Breavman learned to pat the noses of horses tethered beside the Chalet, how to offer them sugar cubes from a flat palm.
‘One day we’ll go riding.’
‘But you can hardly breathe.’
His father collapsed that evening over his map of flags on which he plotted the war, fumbling for the capsules to break and inhale.
Here is a movie filled with the bodies of his family.
His father aims the camera at his uncles, tall and serious, boutonnières in their dark lapels, who walk too close and enter into blurdom.
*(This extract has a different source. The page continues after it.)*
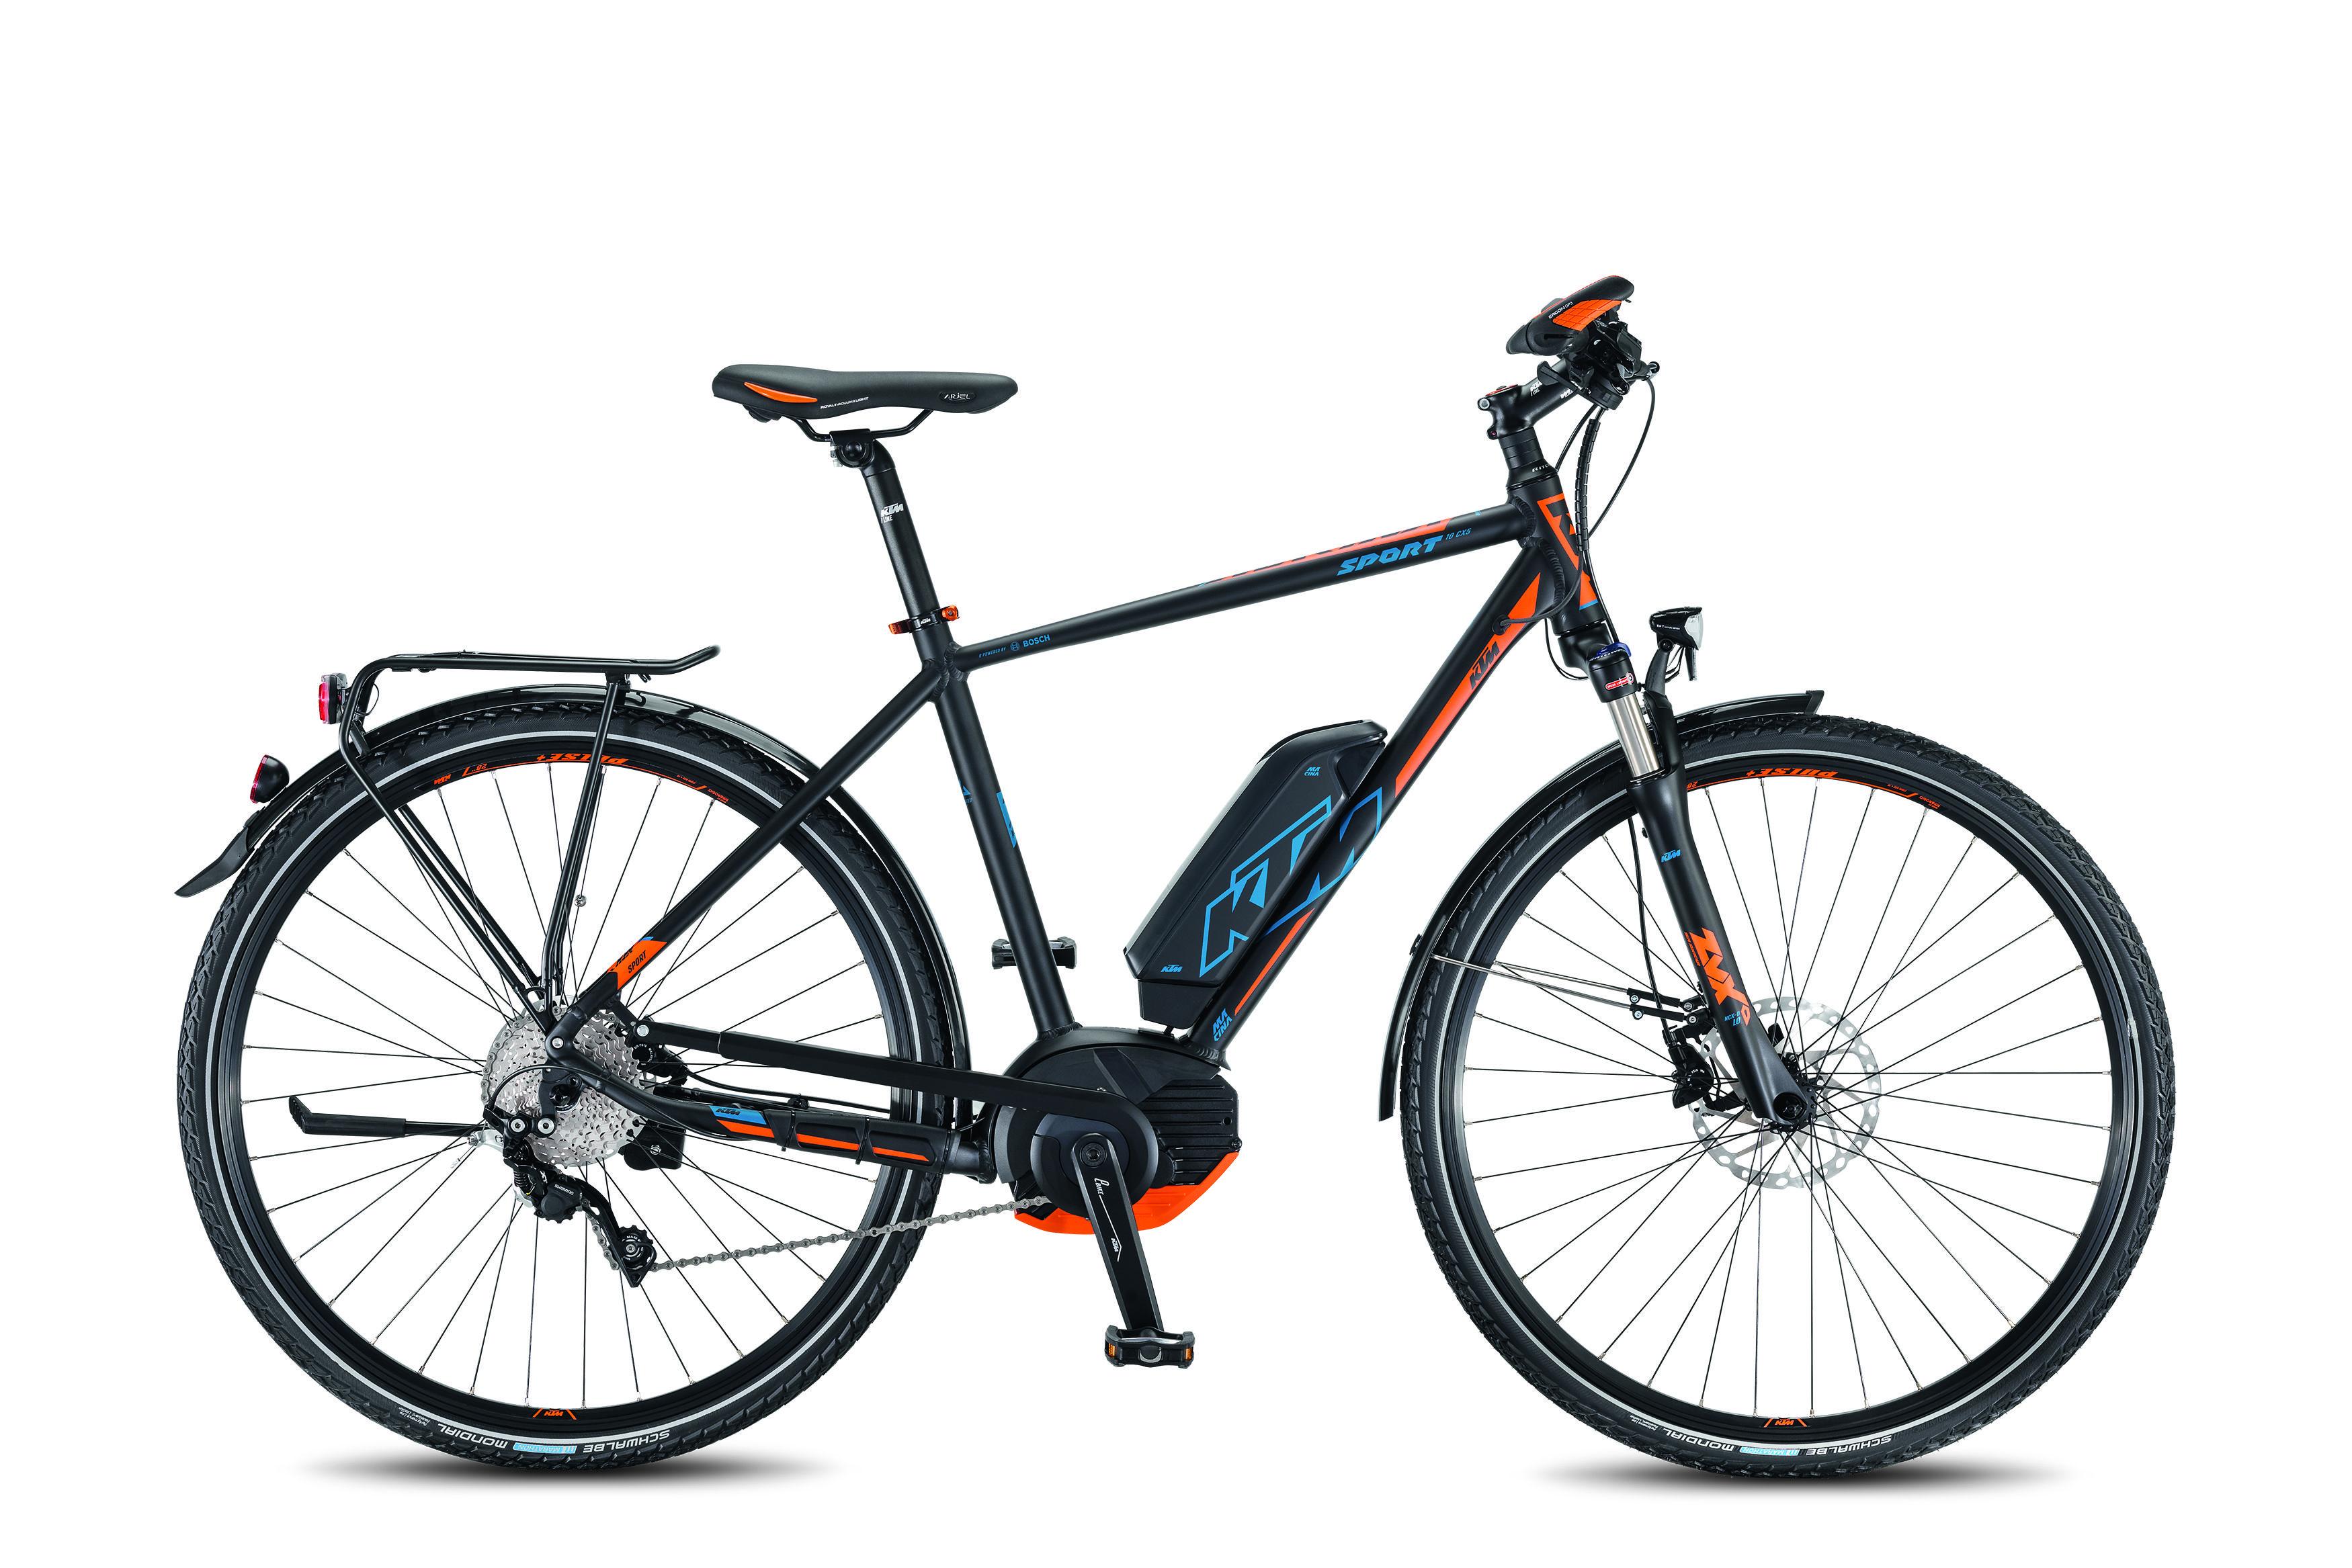 Macina Sport 10 CX5 | Pedelec, Fahrrad blog, Radfahren

Their wives look formal and sad. His mother steps back, urging aunts to get into the picture. At the back of the screen her smile and shoulders go limp. She thinks she is out of focus.
Breavman stops the film to study her and her face is eaten by a spreading orange-rimmed stain as the film melts.
His grandmother sits in the shadows of the stone balcony and aunts present her with babies. A silver tea-set glows richly in early Technicolor.
His grandfather reviews a line of children but is stopped in the midst of an approving nod and ravaged by a technical orange flame.
Breavman is mutilating the film in his efforts at history.